Also, the student name is directly related to the student ID and therefore John Smith is repetitive.
It must be clear, that although the Student ID and Course Codes are also repeated, they are not repetitive from an inefficiency perspective, they are required to maintain the relationship between course and student.
In this example, the student name column is not needed in the Courses table at all as the name can be "looked up" using the student ID and the students table.
Additionally, a new Courses table could be created linking course code to course name and then the course name can be removed from this table leaving only the course code and the student ID, which gives us all the information we need to determine which student is taking which course.
Data Anomalies
In order to understand further why data repetition and data redundancy must be avoided, it is important to understand the consequences of these issues in more detail.
There are 3 main types of data anomalies that can occur in a database:
- Modification Anomalies
- Insertion Anomalies
- Deletion Anomalies
Modification Anomalies
A modification anomaly occurs when changing one records data leaves another records data in error.Skill
| Employee ID | Employee Address | Skill |
| 426 | 87 Sycamore Grove | Typing |
| 426 | 87 Sycamore Grove | Shorthand |
| 519 | 94 Chestnut Street | Public Speaking |
| 519 | 96 Walnut Avenue | Carpentry |
If we need to change the address for employee 519: it has to be done for all rows with employee ID 519.
What if this employee address is in another table: it has to be done for all tables
Insertion Anomalies
| Faculty ID | Faculty Name | Hire Date | Course Code |
| 389 | Bob Giddens | 10-Feb-1985 | ENG206 |
| 407 | Ruth Saperstein | 19-Apr-1999 | CMP101 |
| 407 | Ruth Saperstein | 19-Apr-1999 | CMP201 |
| 424 | Henry Newsome | 29-Mar-2007 |
If the the Faculty Hires table requires a Course Code, then we would not be able to enter new Faculty members hired before they are assigned a course.
Deletion Anomalies
In the Faculty Hires table above, if Bob Giddens in not teaching ENG206 this semester, we would remove him from this table. The removal would result in the loss of the hire date data stored in this table. Therefore, 2 independent fields may actually impact each other due to data. This is not a good database design.
Databases
A database is a structure that contains logically related data in a single repository. Through careful design and development a database can be a centralized storage facility that is accessed simulataneously by several departments and if one peice of data is updated, it is autmoatically updated everywhere as it is centralized and unique.

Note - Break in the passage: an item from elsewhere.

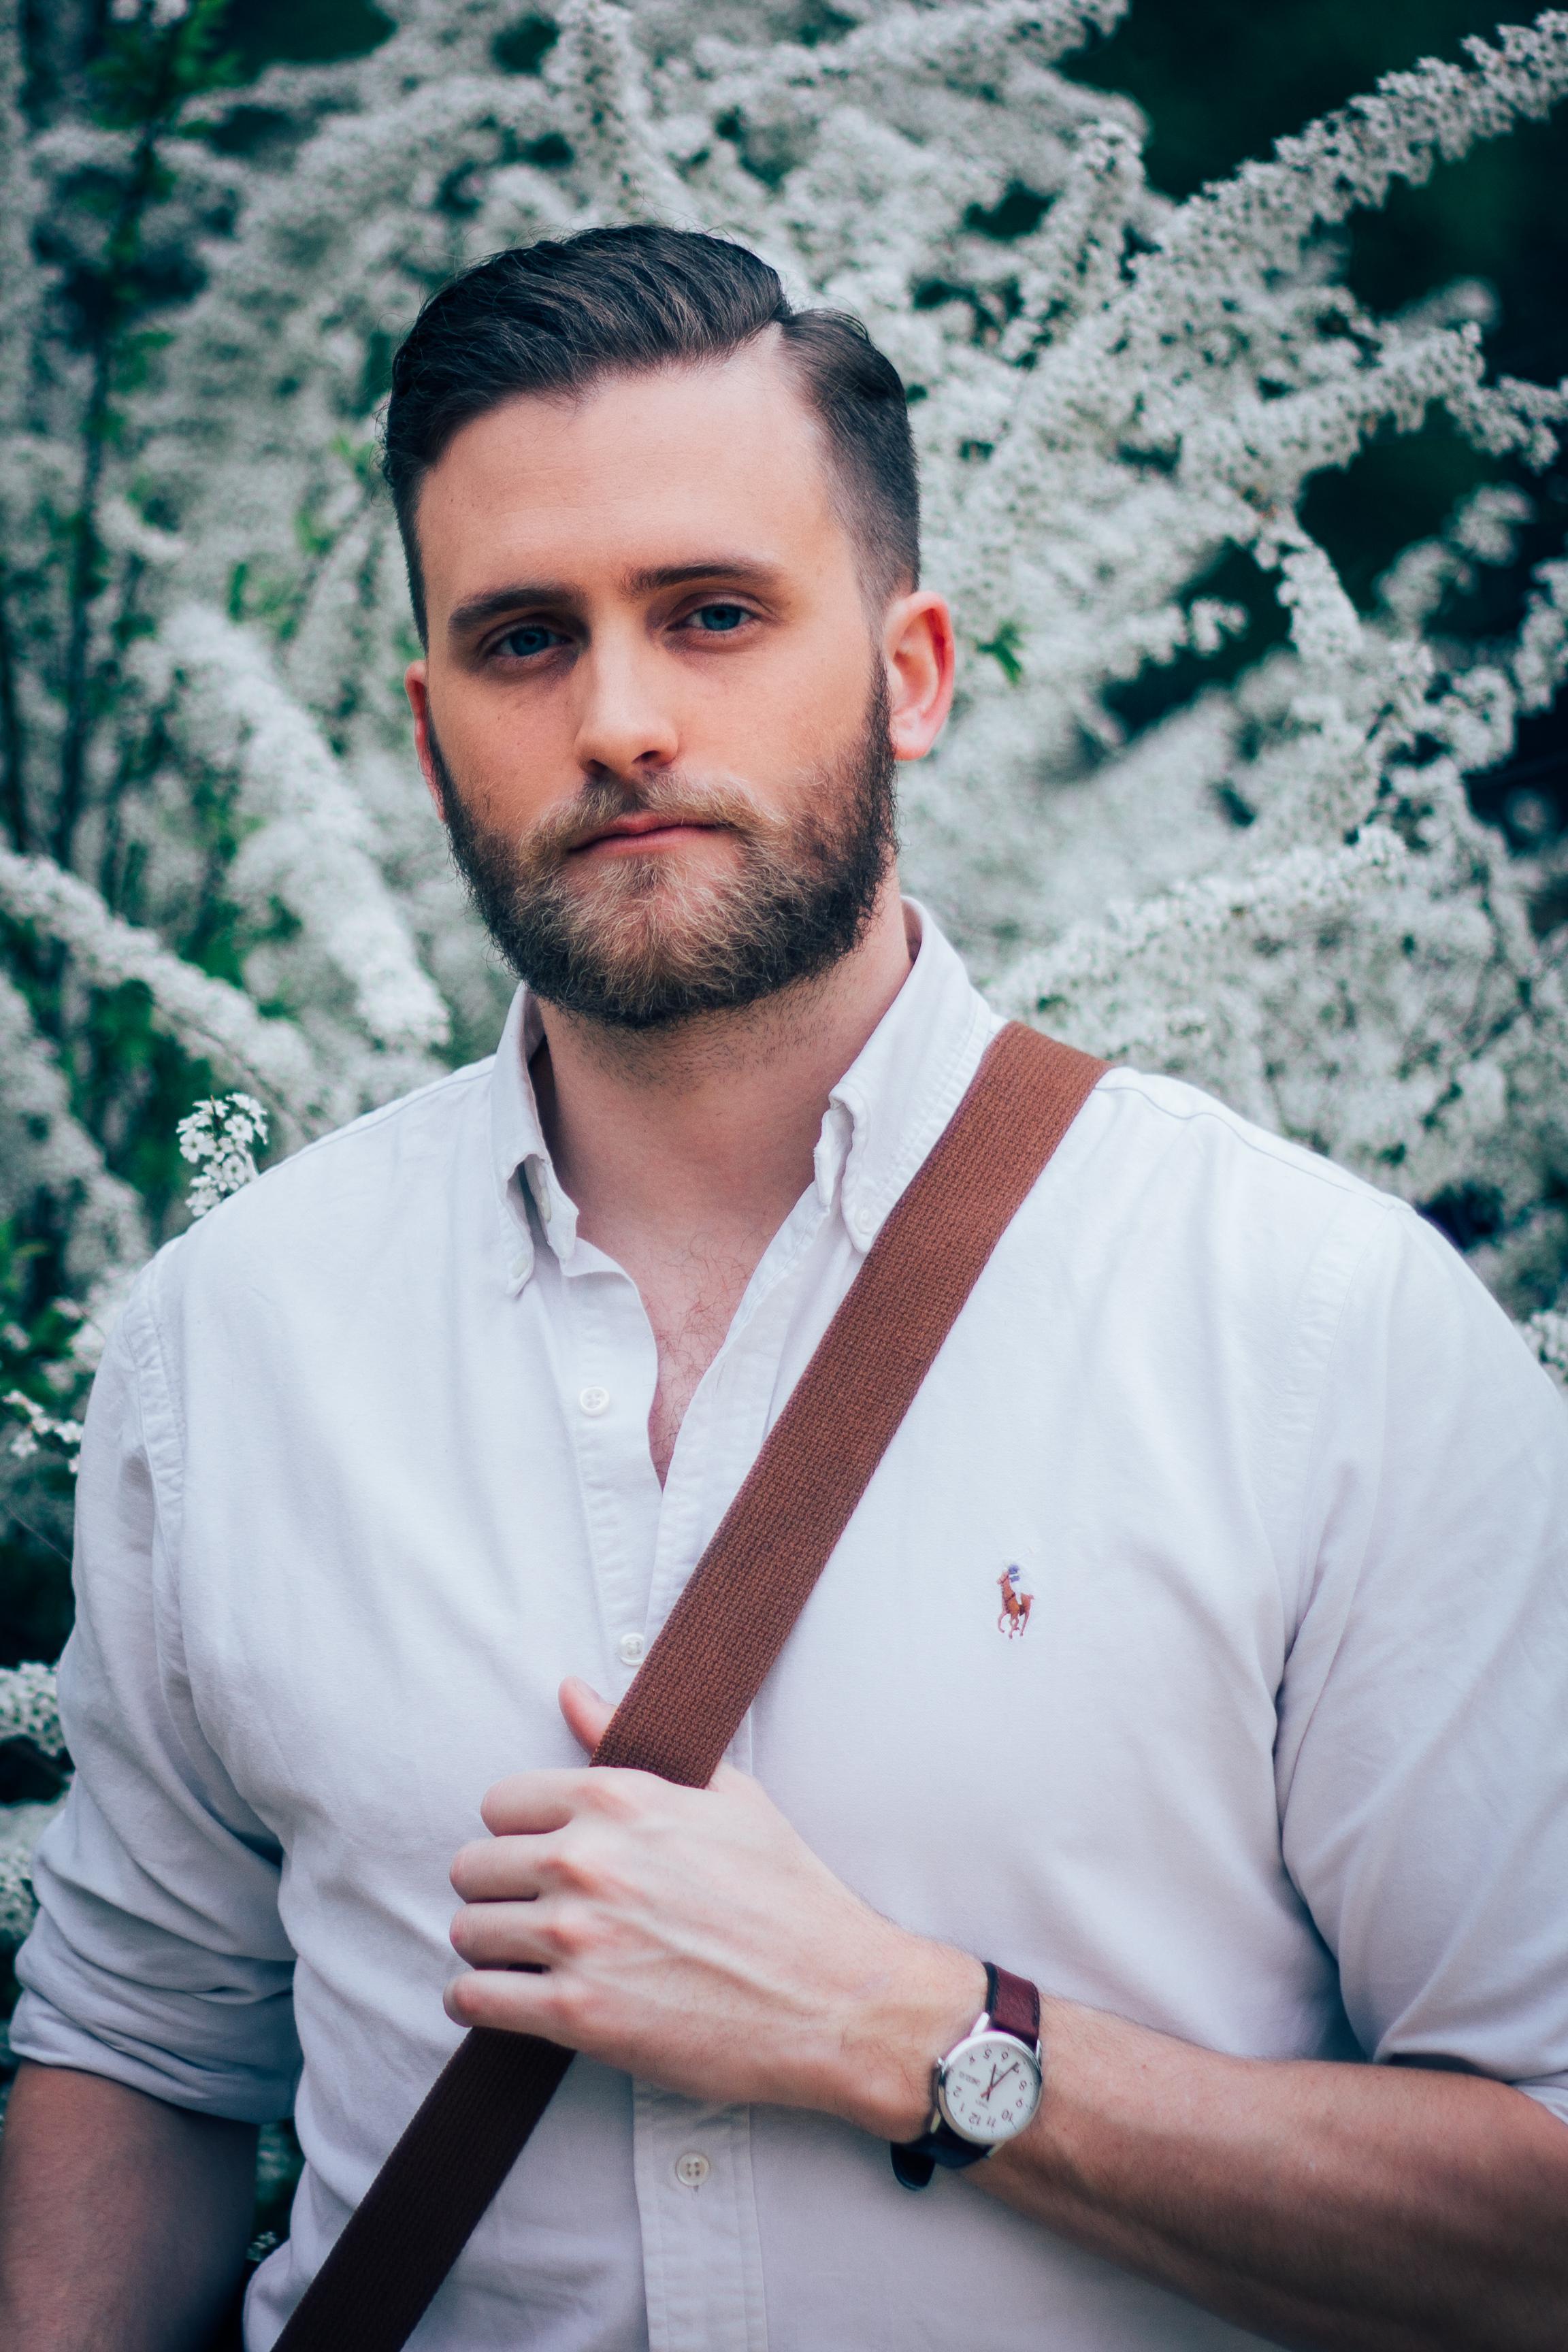 Robert Michael Evans

By using a database, data is much less likely to be subject accidental disorganization, is much more accessible, and integrated with all aspects of the business. The database is primarily a central data sotrage facility, but additionally allows data to be manipulated through sorting, matching, linking, aggregating, calculations and arrangements. The database can simultaneously be accessed by a web site, a mobile application, the warehouse computer, the sales department, accounting, and management all at the same time in real-time.
Benefits of Database Implementation
- elimination of data redundancy
- elimination of data repetition
- storing great amounts of data with little to no physical space requirements
- tactical and strategic decision support
- supporting and feeding day to day business operations through production and transactions.

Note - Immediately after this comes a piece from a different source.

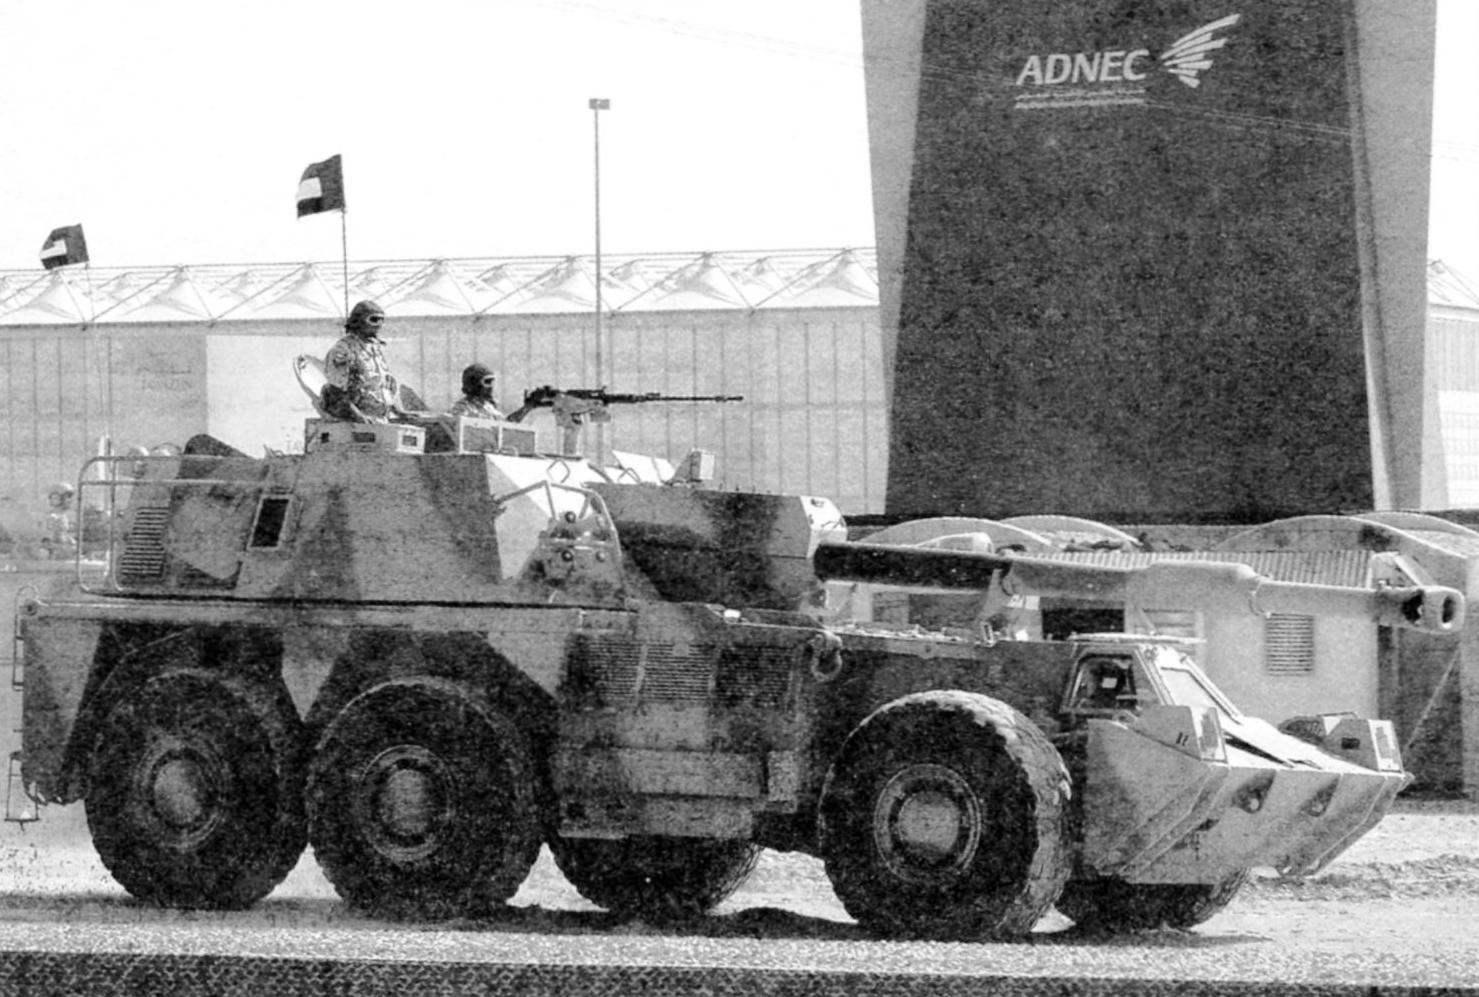 САУ G6 Phino («Носорог») армии Объединённых Арабских Эмиратов. Демонстрация вооружения на Международной выставке IDEX. ОАЭ, март 2013 г.

- ability to get more information from the same amount of data through relations
- sharing of data
- security of data to authorized users
- software independence (can restructure database without requiring updates to the software)
Database Management Systems
A database management system is a collection of programs that manages a database structure and controls access to the database (and ultimately the data). The database is just one of those programs in the collection. For the purposes of this course, we will be using the Oracle DBMS which comprised of Oracle12c (Data Server) and SQL Developer (User Interface and Access tool).

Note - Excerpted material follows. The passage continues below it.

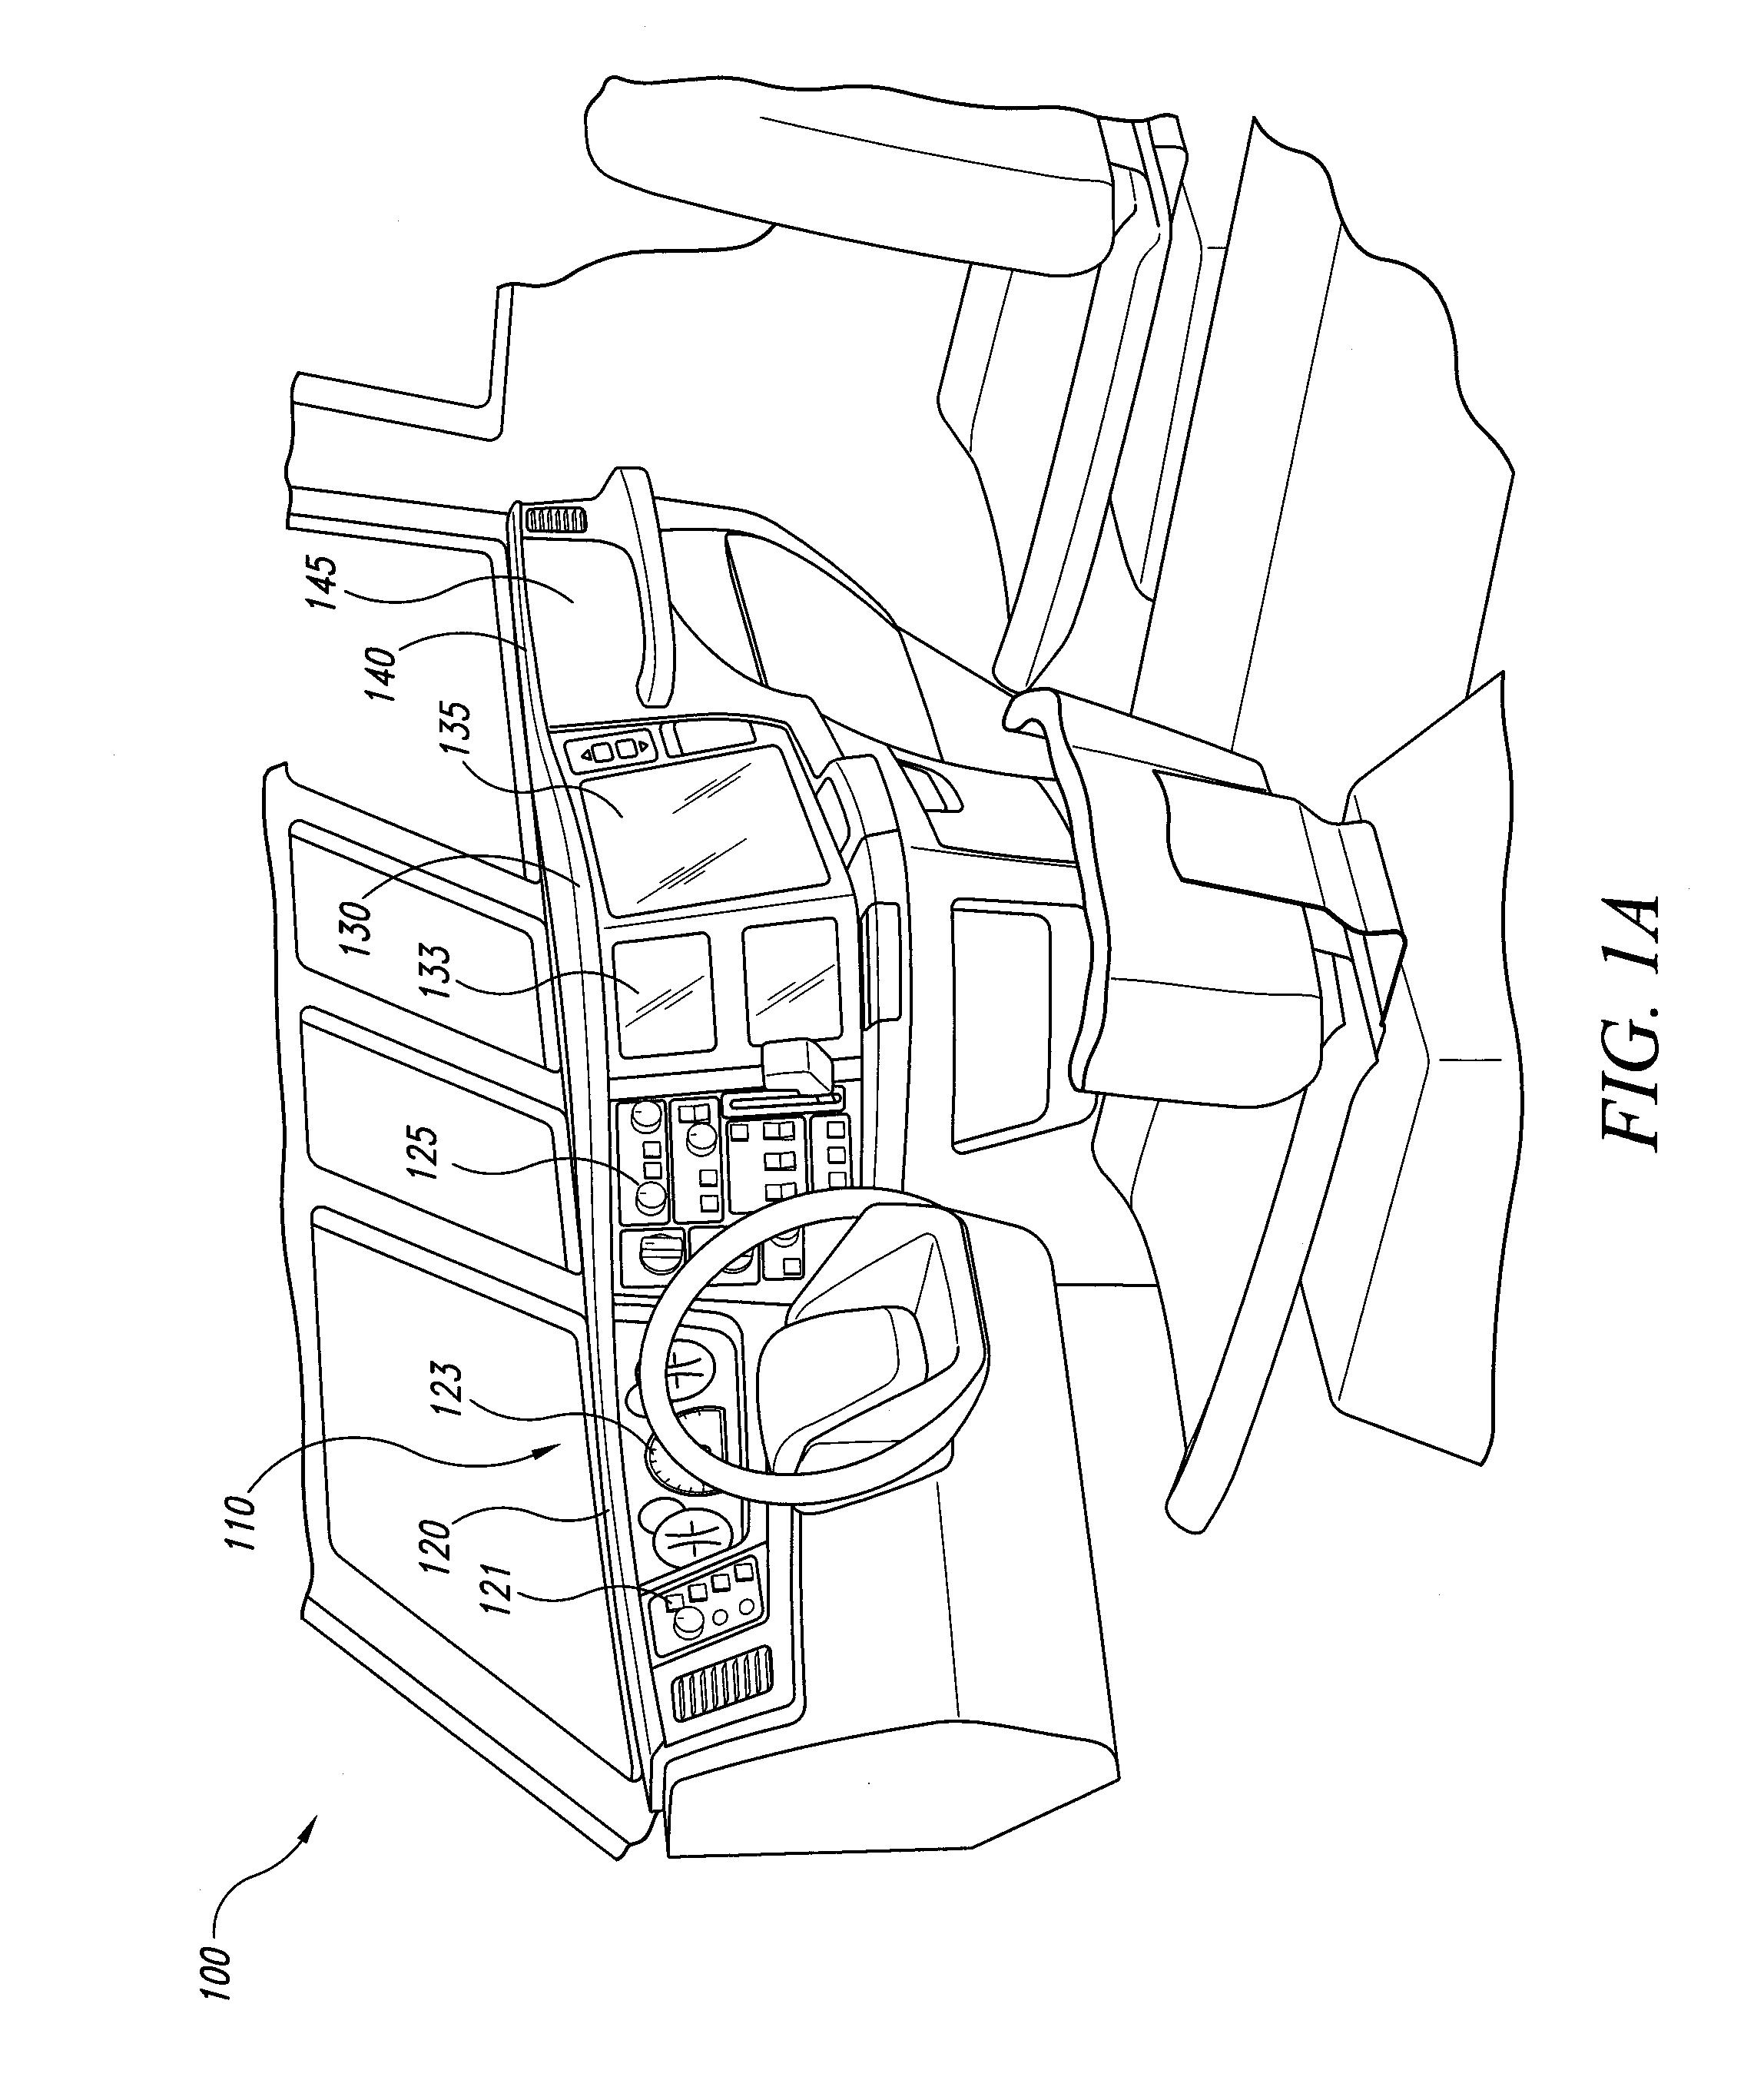 brevet us7823952

The database management system typically has many components that:
- manages the sharing of data amongst multiple applications and/or users
- ensures data consistency
- add the ability to do ad hoc querying
- are extensions to the manufactured components to add addition and customized access and usage (A custom developed API may be an example)
Some examples of popular Relational DBMSs are:
Database Design
This course covers many aspects of database design and development. At this time we will briefly introduce the concept.
A database design should:
- define the expected use of the database
- avoids redundant and repetitive data
- completed in association with the Software Development LifeCyle (SLDC)
- Completed using the Database Design Life Cycle (DBLC)
To further expand upon the design of databases, there are 5 basic rules of good database design. There are lots of design concepts, but these 5 will guide the computer programmer towards a well thought out relational design. The 5 Basic rules are:
- Every Table or Entity requires a unique identifier to determine exact row of interest
- Avoid redundent data storage
- Avoid repetitive data sotrage
- Do not include any calculated fields, or values that are directly derived from other fields.
- Every cell in the database must have atomic values (a single value).
Database Development Life Cycle
SDLC - Software Development Life Cycle
| Planning | We have an idea! Why do we need this software, how will it help the organization? Who will champion this project? What are the goals or objectives of the software? |
| Analysis | Needs analysis: What does the software need to be successful? Should we build it? Do we have the right team to build it? Can we financially afford to built it? Do we have the right technologies available? |
| Design | Specifications, architecture, choice of languages, frameworks, diagrams, pseudo-code, scoping. |
| Implementation | Coding the software, creating the graphics, testing the software, actually creating the product, installation and delivery. |
| Maintenance and Support | Maintenance plan, on-going monitoring and review, what are the next steps, new versions? Training and on-going customer support |
| Requirements Analysis | What does the database need? What information do we need later? How is the database going to be used? What other applications will the database support? |
| Logical Design | Design Specifications, Data Modeling, Entity Relationship Diagrams, Data Types, Normalization, |
| Physical Design | Actual process of creating tables and database structure (SQL, DDL) |
| Implementation | Inserting or importing data, installation on live server, backup systems, and more |
| Monitoring, modification, and Maintenance | On-going backups, data archival, monitoring, additional queries as required |